Uncertainty and Sensitivity Analysis of Phosphorus Model Parameters in Large Shallow Lakes

Abstract

Lake Taihu was chosen as a typical large shallow lake, and a diagenesis model of phosphorus was established based on environmental fluid dynamic code (EFDC). The uncertainty of the simulation results and the sensitivity of 16 parameters related to phosphorus migration and transformation in the diagenesis model were analyzed using Latin hypercube sampling (LHS), generalized likelihood uncertainty estimation (GLUE), and regionalized sensitivity analysis (RSA). The results showed that the temporal and spatial distribution of phosphate and total phosphorus in Lake Taihu was extremely uneven. Furthermore, the uncertainty of the diagenesis model had a strong influence on the simulation of phosphate and total phosphorus. For phosphate in the overlying, wind and wave disturbance at the 'sediment-water' interface was stronger in shallower water regions. The circulation of water in the bay area, where the dissolved oxygen content was low, was poor, which was conducive to the release of dissolved phosphorus in the sediment. For total phosphorus in the overlying water, the granular phosphorus and dissolved organic phosphorus contents in the central lake area were greatly affected by parameter uncertainties in the diagenesis model.

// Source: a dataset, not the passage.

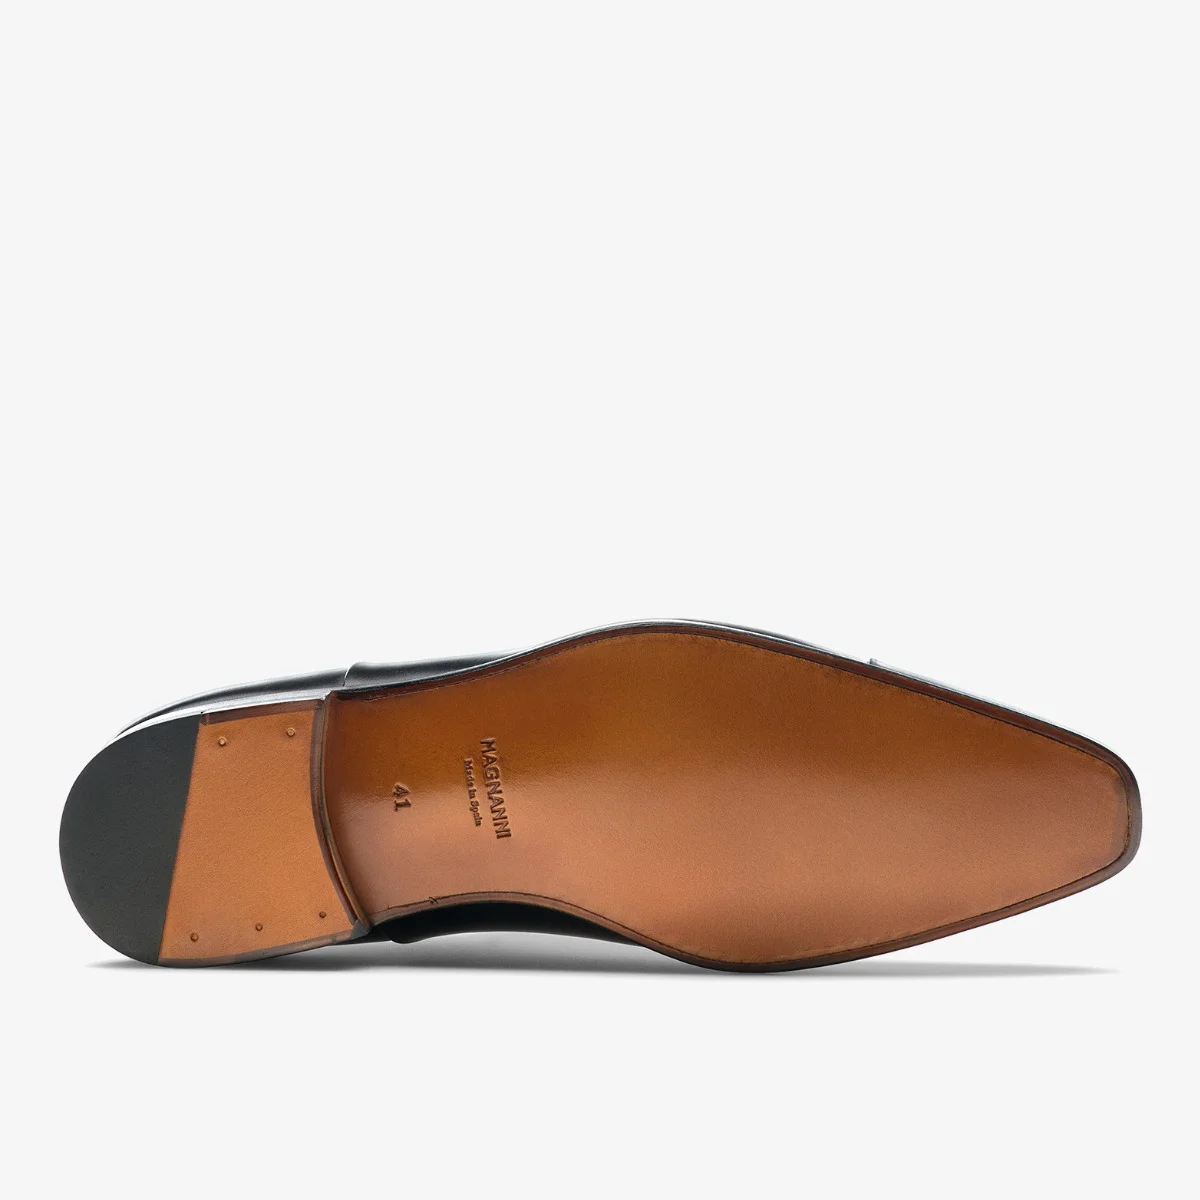 Magnanni Milos dark mahogany toe cap oxford shoes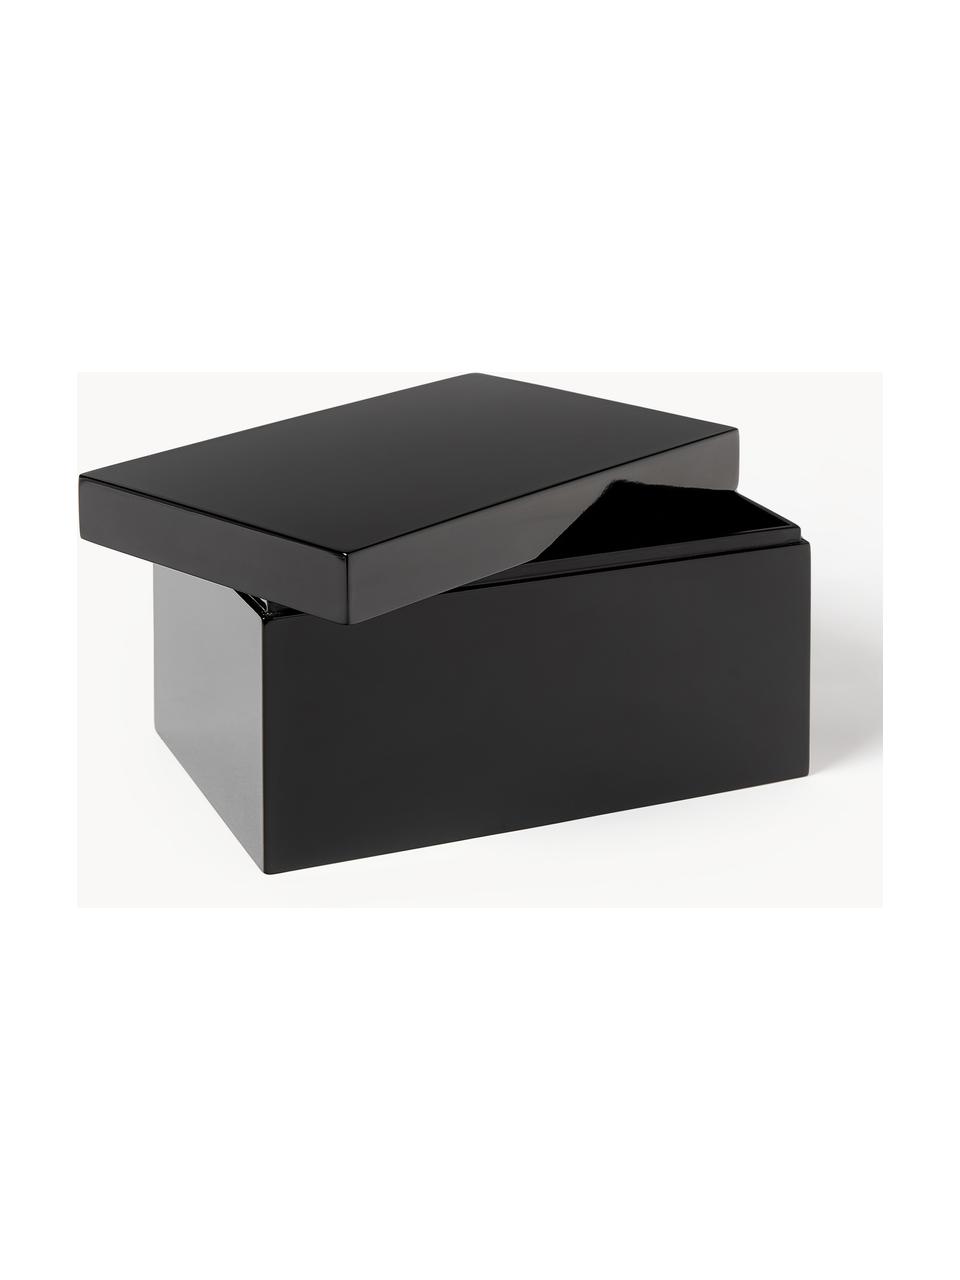 Sada úložných krabic Kylie, 2 díly, MDF deska (dřevovláknitá deska střední hustoty), Černá, tlumeně bílá, Sada s různými velikostmi

The sensitive parameters mainly consisted of two kinds related to oxygen and dynamic characteristics, respectively. For large shallow lakes, the importance of parameter sensitivity in diagenesis models is no less than for hydrodynamic and water quality models. For large shallow lakes, the calibration of sensitive parameters should, therefore, be given attention when simulating the phosphorus content of areas with complicated water quality and sediment distributions.